Tuesday, November 22, 2011

France, Football and First Assembly


One thing I am coming to appreciate more about French culture is its resistance to becoming consumer driven. At first, it drove me crazy that most stores close at noon for two or even three hours, so that ALL the employees can have a leisurely lunch - at the same time. No concept of staggered lunch hours here, no siree. If you need to run to the corner grocery to get a few staples during your lunch break, you will hear a resounding "no" to the question "Got milk?" It was a bit hard to adjust to the fact that the customer is not always right in France, nor is anyone particularly motivated to please him or her. Money does talk here, but it seems the euro speaks in considerably softer and less demanding tones than does the almighty dollar. The French are trying hard in a competetive international market to hold on to traditional ways of doing things which they consider to be more valuable than simply making more money. In other words, there is more to life than selling out to wealth and status. I kind of like it. Especially because I am seeing how a consumer driven mentality elsewhere is adversely affecting two things I like a lot - sports and church.

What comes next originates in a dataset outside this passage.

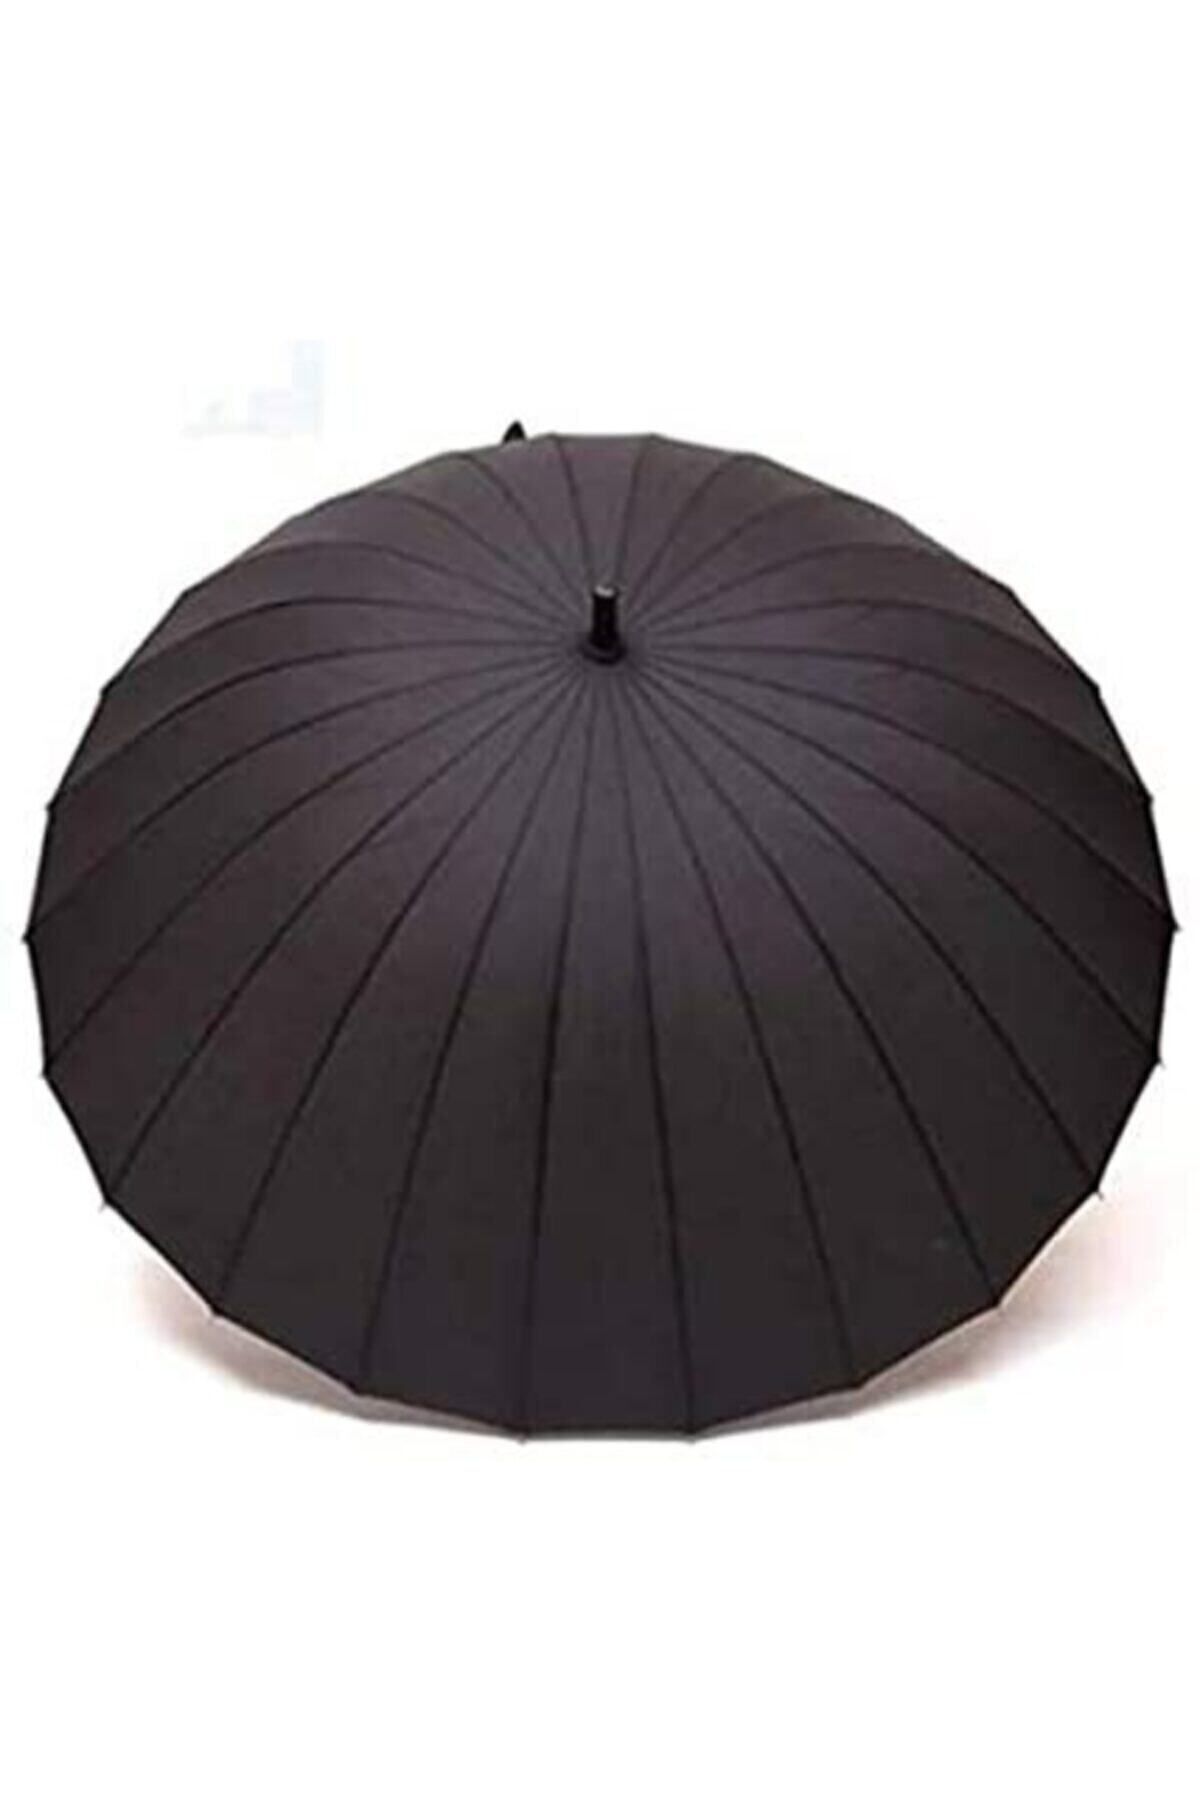 Kinary Çoban Şemsiye Protokol 24 Telli Fiber Şemsiye 120 Cm Fiyatı

I have watched with dismay how the rules of the games I love have changed over the years. I am a sports purist who feels comfortably anchored in tradition, which puts me in opposition to such trends and advancements such as instant replay, college football conference realignments, designated hitters, and the 24 second clock, just to name a few. And most of these changes were for the purpose of attracting and retaining more fans and spectators by speeding up the action and creating more scoring. But my point is, if you are a true fan, you love the game - as is. There is no need to speed up the game or change its rules if you already enjoy every minute of it. The real problem lies in the sport attempting to adapt to consumer-enthusiasts who are not really true fans, but shallow dabblers who lose interest when the rules of the sport do not produce a game to suit their fickle tastes and short attention spans. Ticket and merchandise sales as well as television broadcasting rights are what fuel the evolution of sports. In our consumer-driven sociey, profit trumps purity.

Tim Tebow and his team, the Denver Broncos, are causing an uproar in the NFL because they are playing a style of football that was once played by men who earned little and sacrificed much, just for the privilege to play. And that game was played before non-televised audiences who respected the game and passed on its hallowed, timeless traditions to the next generation. Today, sports has to come in trendy, flashy packaging that produces slick highlights, inspires sound-bites and sells tickets. Yet Tebow is literally turning back the clock; a throw-back to such a distant era that he is today considered cutting edge, if not polarizing. He's standing up for traditional values and being a solid role-model instead of spending his free-time with gangsters, strippers, or drug-dealers. Where have we come as a society when we love athletes more who have DUIs and get arrested for domestic violence than someone who prays publicly and serves the poor on humanitarian trips, as long as they win and give us bragging rights around the water cooler? Yes, as a quarterback Tebow runs better than he throws, which is not typical for his position. But this only flies in the face of a game that has come to be shaped and defined by consumers who speak with their wallets and demand to see a football game that meets its quota of long bombs and exciting catches. If not, they'd rather turn the channel to something more entertaining, like cage fighting or WWF Smackdown.

Sadly, the church is not immune to the influence brought by consumerism. People have become so accustomed to being pleased and pampered as consumers and fans, that they carry this mentality into the house of God. And we see that the church and its function and purpose slowly become shaped by the parishoners rather than the parson. What a mistake. I would like to think that the church could inherit a little backbone from the French where the process is equally important to the product. I think my French friends have it right in that regard. They will not sacrifice quality and longevity of life for the sake of short-term gain. May we as believers and leaders in the greatest enterprise the world has ever known not allow oursleves to be driven by church-shoppers and congregation-hoppers. Change is good, and many times necessary. But change for the sake of pleasing participants who major on using and taking, rather than sacrificing and giving, is joining the ranks of consumer driven supermarkets and super bowl contenders. The King and His kingdom should be served by loyal subjects. And I am a purist in that regard as well.